Egyptian-born Anwar El-Ibrahimi (Omar Metwally), a chemical engineer living in Chicago with his mother, his pregnant wife Isabella (Reese Witherspoon), and their young son, is believed linked to known terrorist Rashid by records indicating several calls to Anwar's cellphone. Returning from a conference in South Africa, Anwar is detained by American officials and sent to a secret facility near the earlier attack, where he is interrogated and tortured.

Isabella is not informed of her husband’s whereabouts, and all official evidence of his being on the plane at Cape Town International Airport is erased.

Freeman, assigned to observe Anwar’s interrogation by Fawal, is doubtful of Anwar’s guilt, but CIA superior Corrine Whitman (Meryl Streep) insists such treatments are necessary to save potential victims of terrorism.

Isabella travels to Washington, D.C. to ask friend Alan Smith (Peter Sarsgaard), an aide to Senator Hawkins (Alan Arkin), to find her missing husband. Smith informs Isabella that Anwar failed to board the plane in Cape Town, but she shows him her husband's credit card purchase at the in-flight duty-free shop, confirming he was on the flight.
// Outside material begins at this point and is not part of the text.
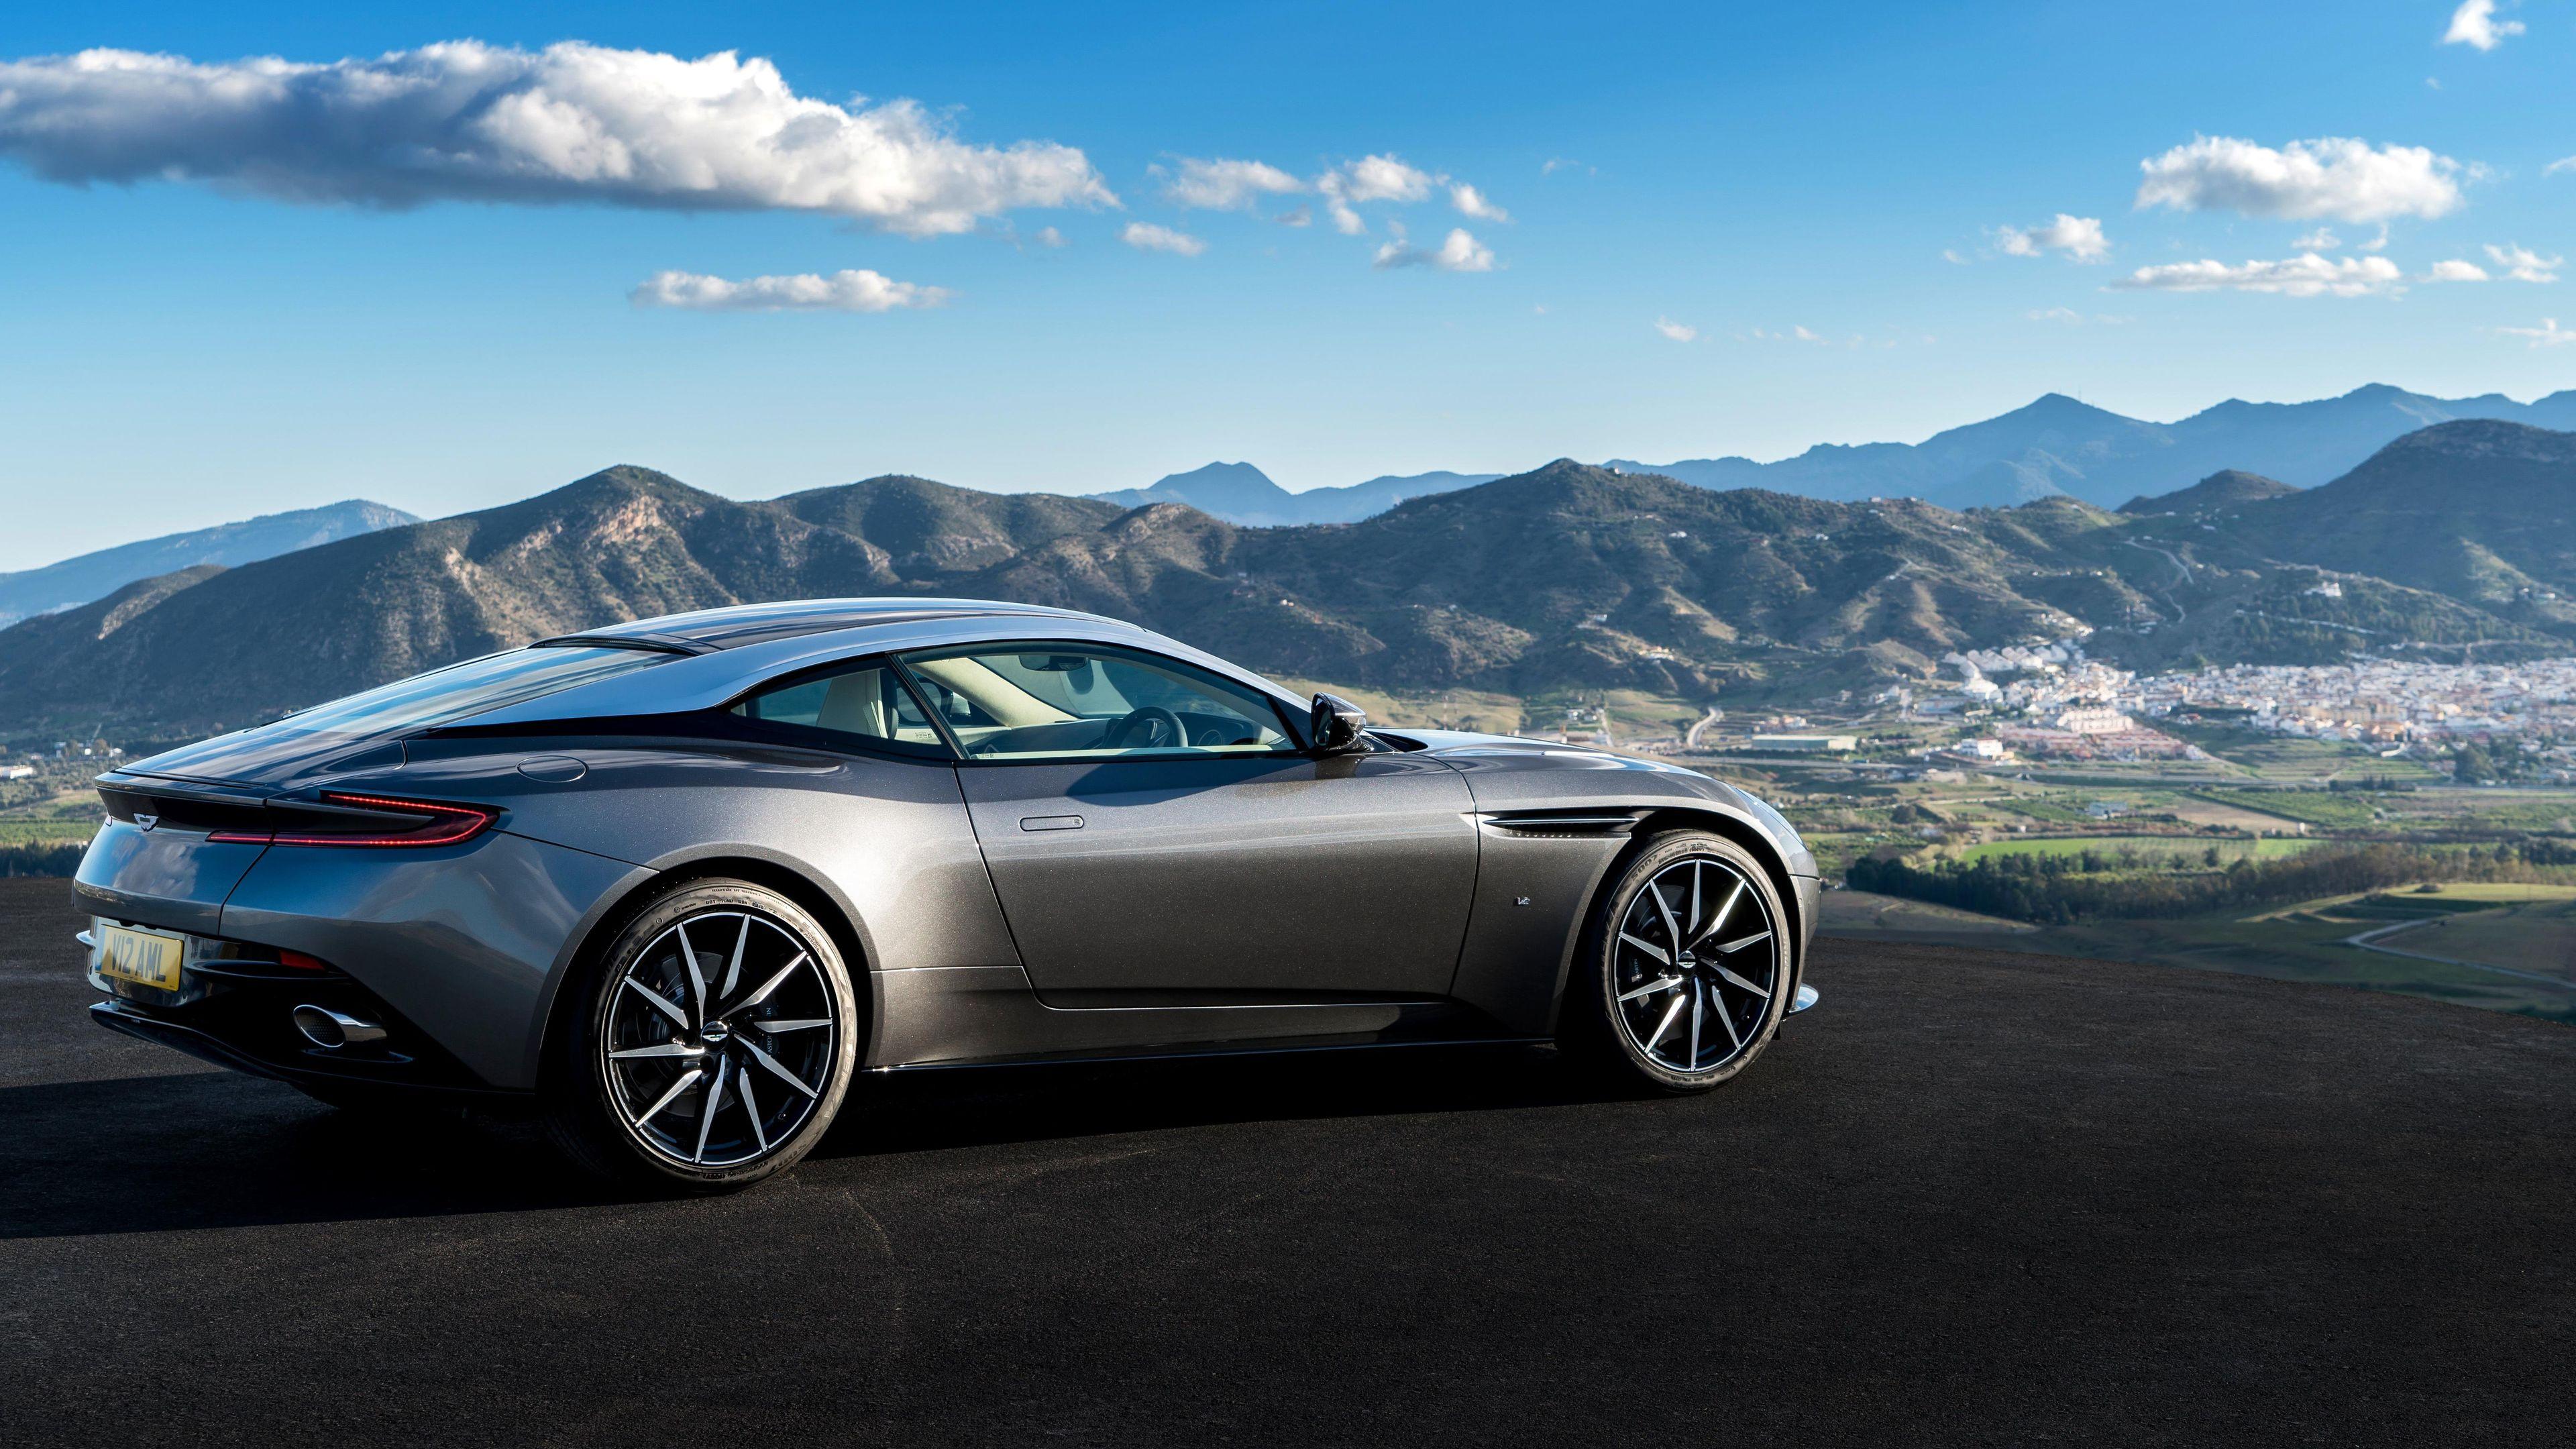 Wallpaper 4k Aston Martin 4k 4k Wallpapers 5k Wallpapers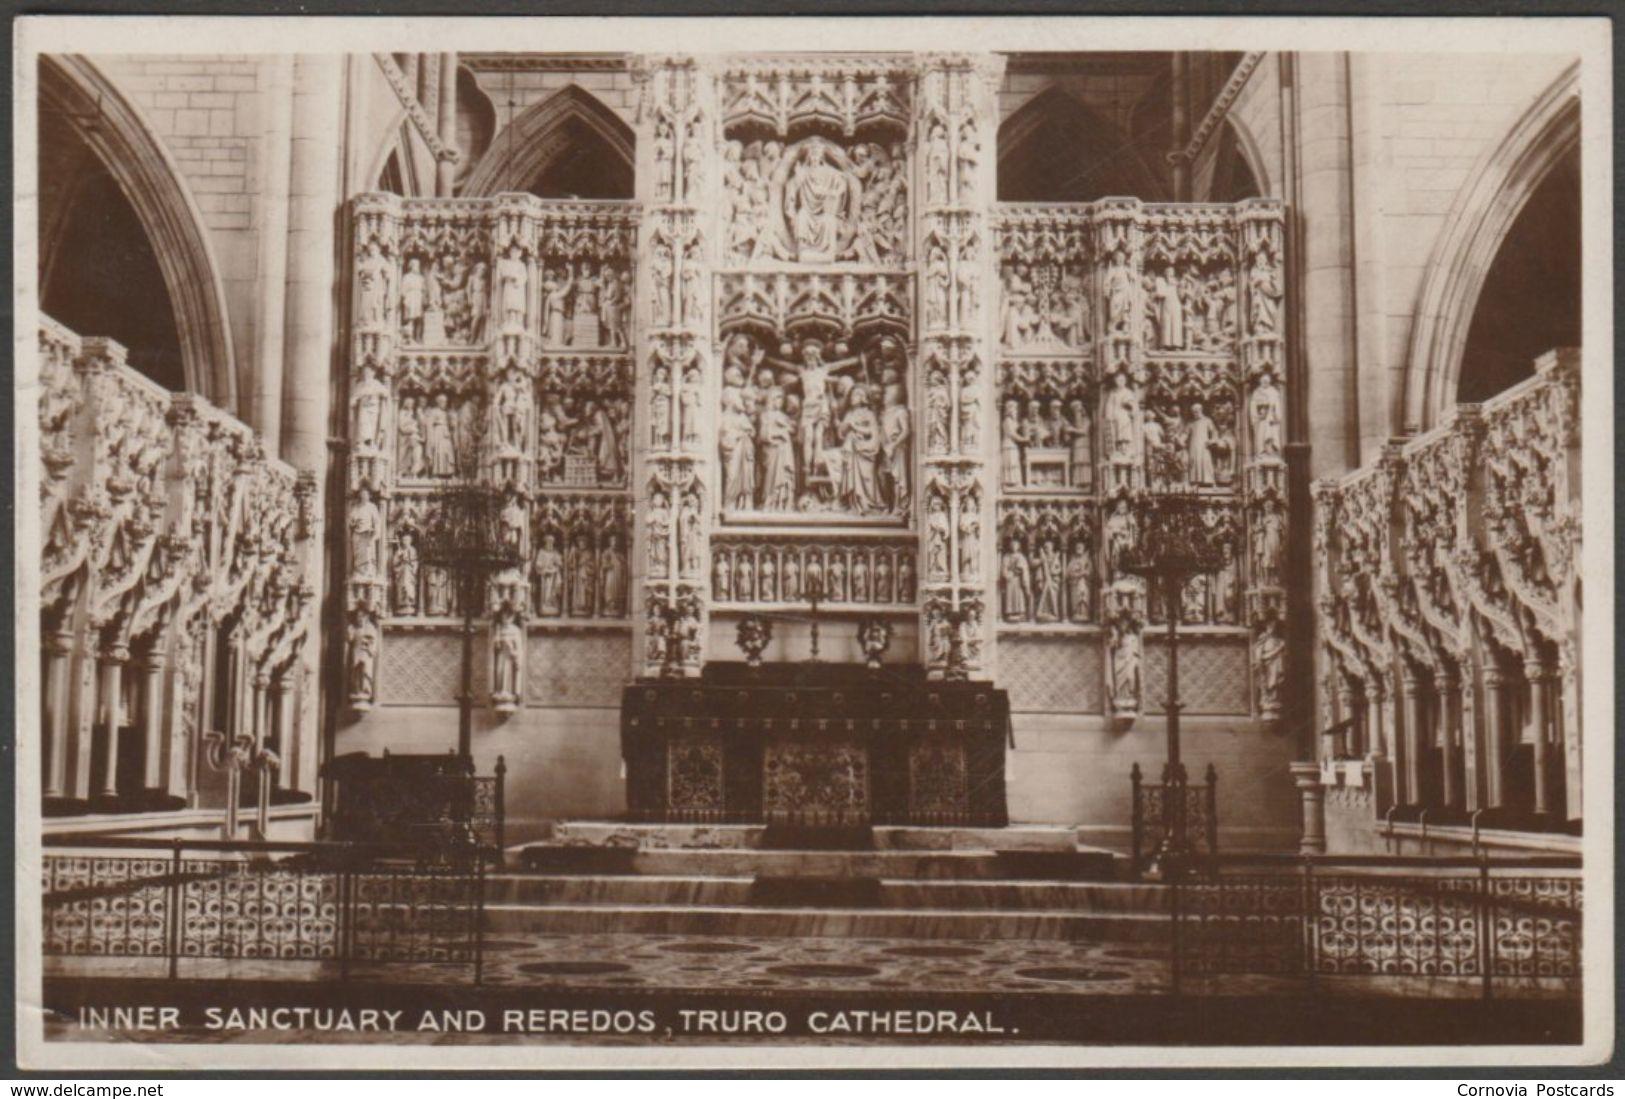 Inner Sanctuary & Reredos, Truro Cathedral, Cornwall, 1930 - Milton RP Postcard - England

Smith pieces together details of Anwar's detention but is unable to convince Hawkins or Whitman, who ordered the rendition, to release Anwar or acknowledge his imprisonment.

Hawkins tells Smith to let the matter go, as public debate on extraordinary rendition would complicate the senator’s bill before Congress. His sympathetic secretary tips Isabella off that Whitman will be visiting. Isabella confronts Whitman and Hawkins before being led out by security, only to go into labour in the hallway.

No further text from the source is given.